Here is the code I used for benchmarking:
vector<int> v = vector<int>();
v.push_back(1);
v.push_back(3);
v.push_back(4);
v.push_back(5);
v.push_back(7);
v.push_back(9);
int testAmount = 200000;
int reserve = 500000;
Stopwatch w = Stopwatch();
w = Stopwatch();
vector<VolumeInformation> infos = vector<VolumeInformation>();
infos.reserve(reserve);
for (int i = 0; i < testAmount; ++i) {
infos.emplace_back(&v, 1, 0, 0);
}
int elapsed = w.Elapsed();
w = Stopwatch();
vector<VolumeInformation*> infoPointers = vector<VolumeInformation*>();
infoPointers.reserve(reserve);
for (int i = 0; i < testAmount; ++i) {
infoPointers.emplace_back(new VolumeInformation(&v, 1, 0, 0));
}
int elapsed2 = w.Elapsed();
If I comment out both reserve() lines, the version without pointers takes 32.701 seconds, while the pointer version takes 6.159! It takes 5+ times less than using a vector of objects.
If I use reserve, but set the amount of items to reserve to a value lower than the number of iterations, the vector of objects version still takes more time than the pointer version.
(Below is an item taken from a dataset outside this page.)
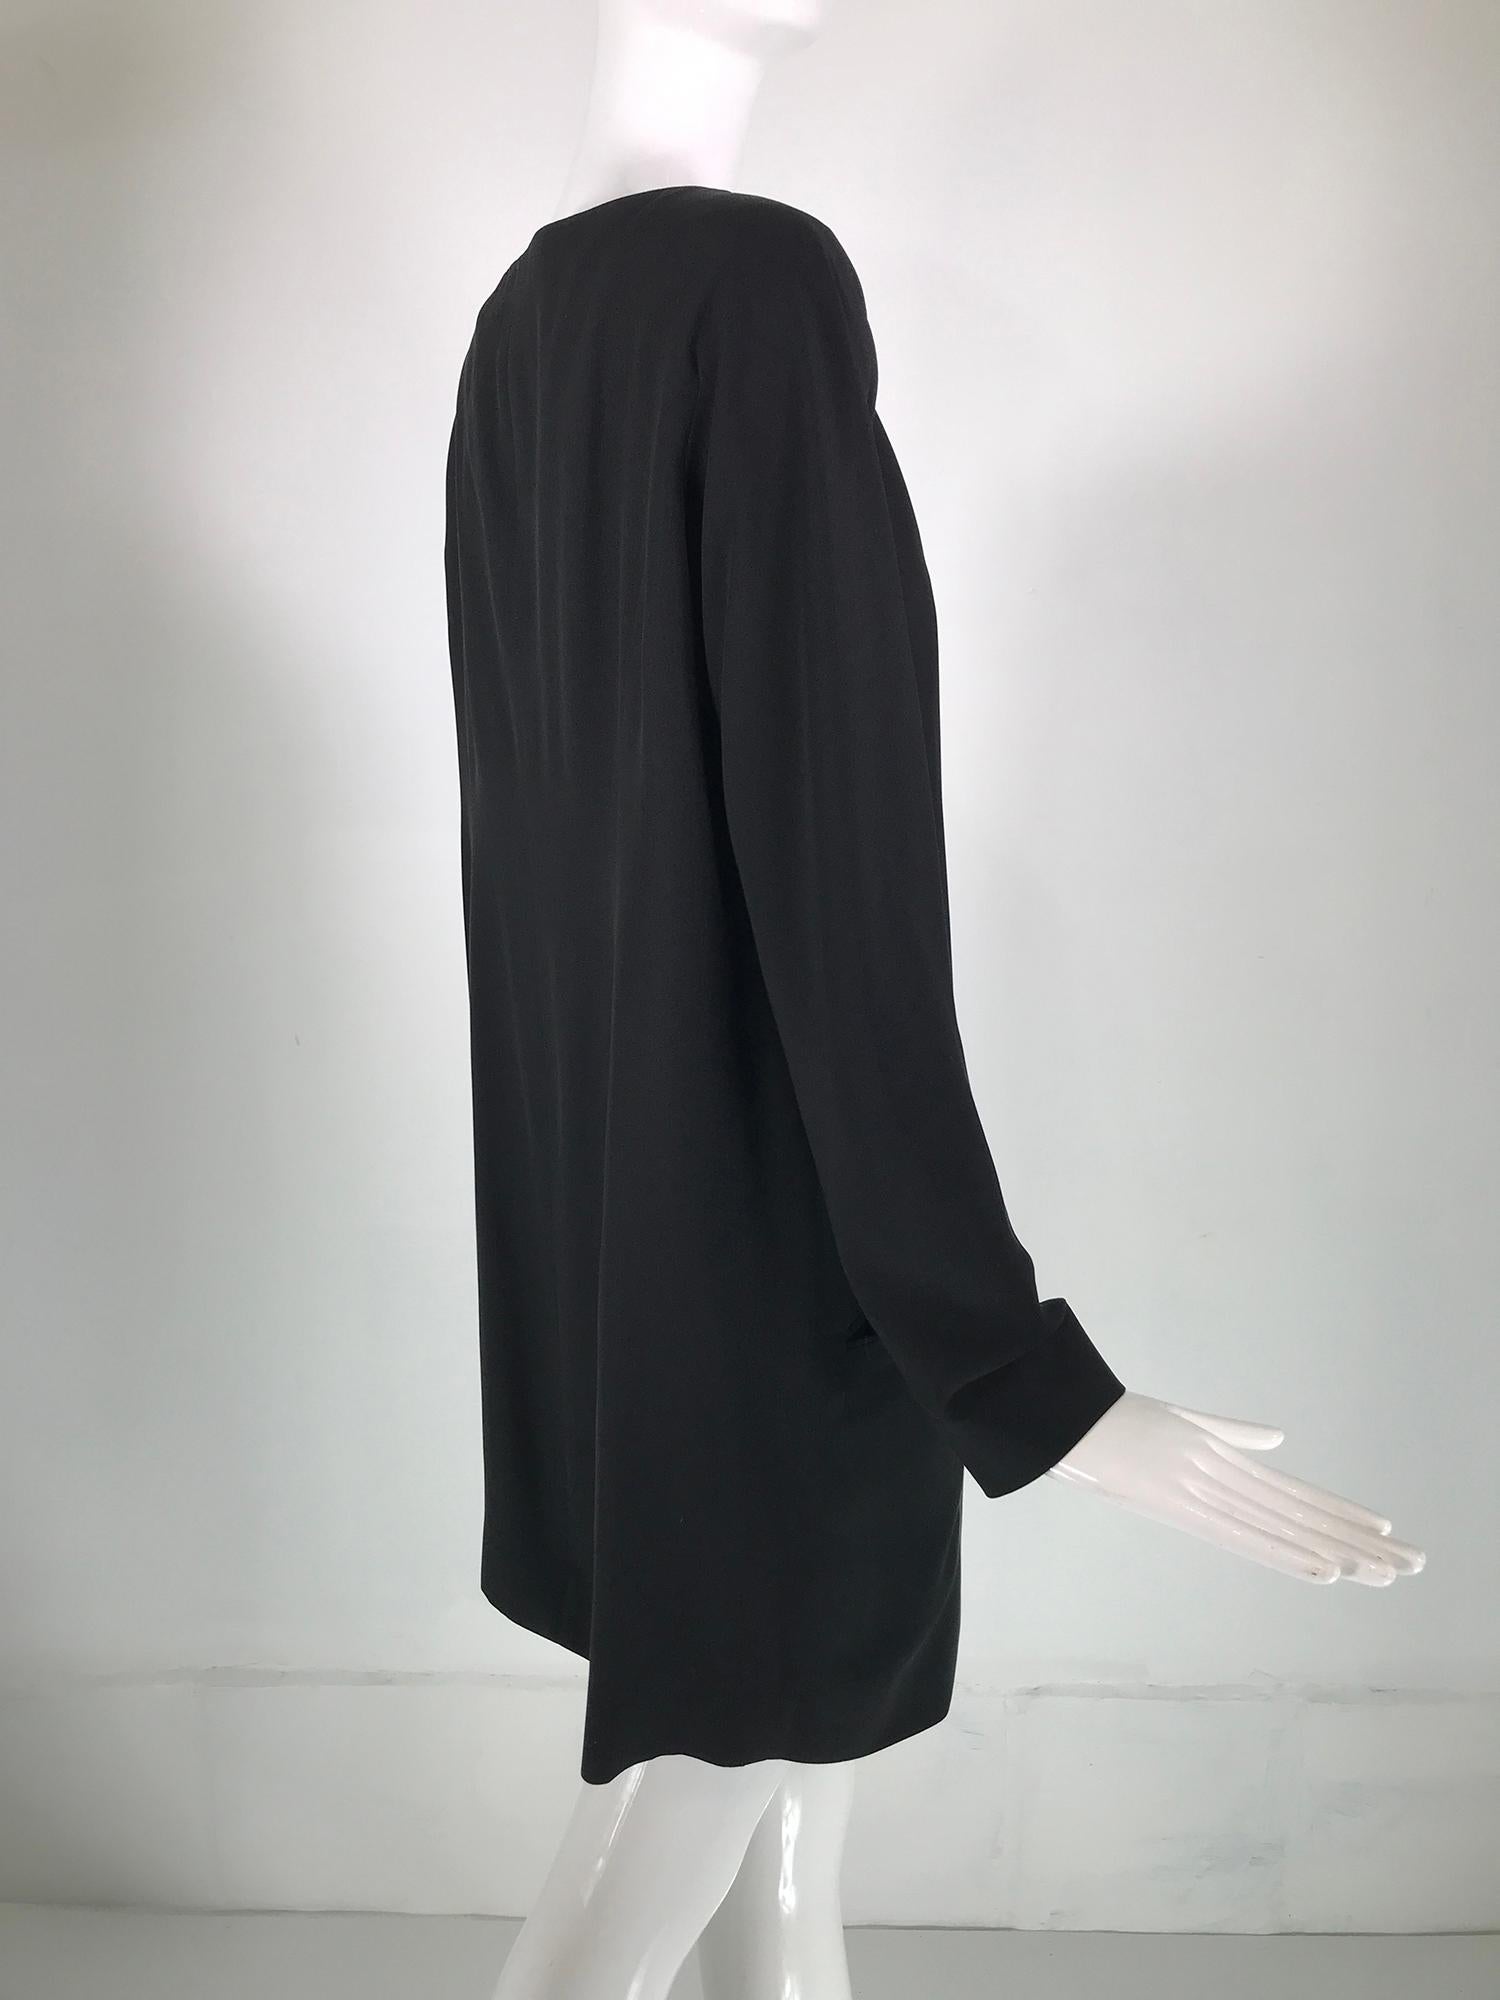  Donna Karan Black Silk Crepe Open Front Jacket With Pockets 1980s For Sale 4

If I use reserve with a value higher or equal to the amount of iterations, the vector of objects version becomes a lot faster, taking only 270ms, against 8.901 seconds of the pointer version. The main issue here is that I do not know in advance the size that the vector will reach, as the iterations are not based in a hardcoded number, this was only to do the benchmarking.
Can someone explain why this happens, if there is another way around this, or if I am making anything wrong here?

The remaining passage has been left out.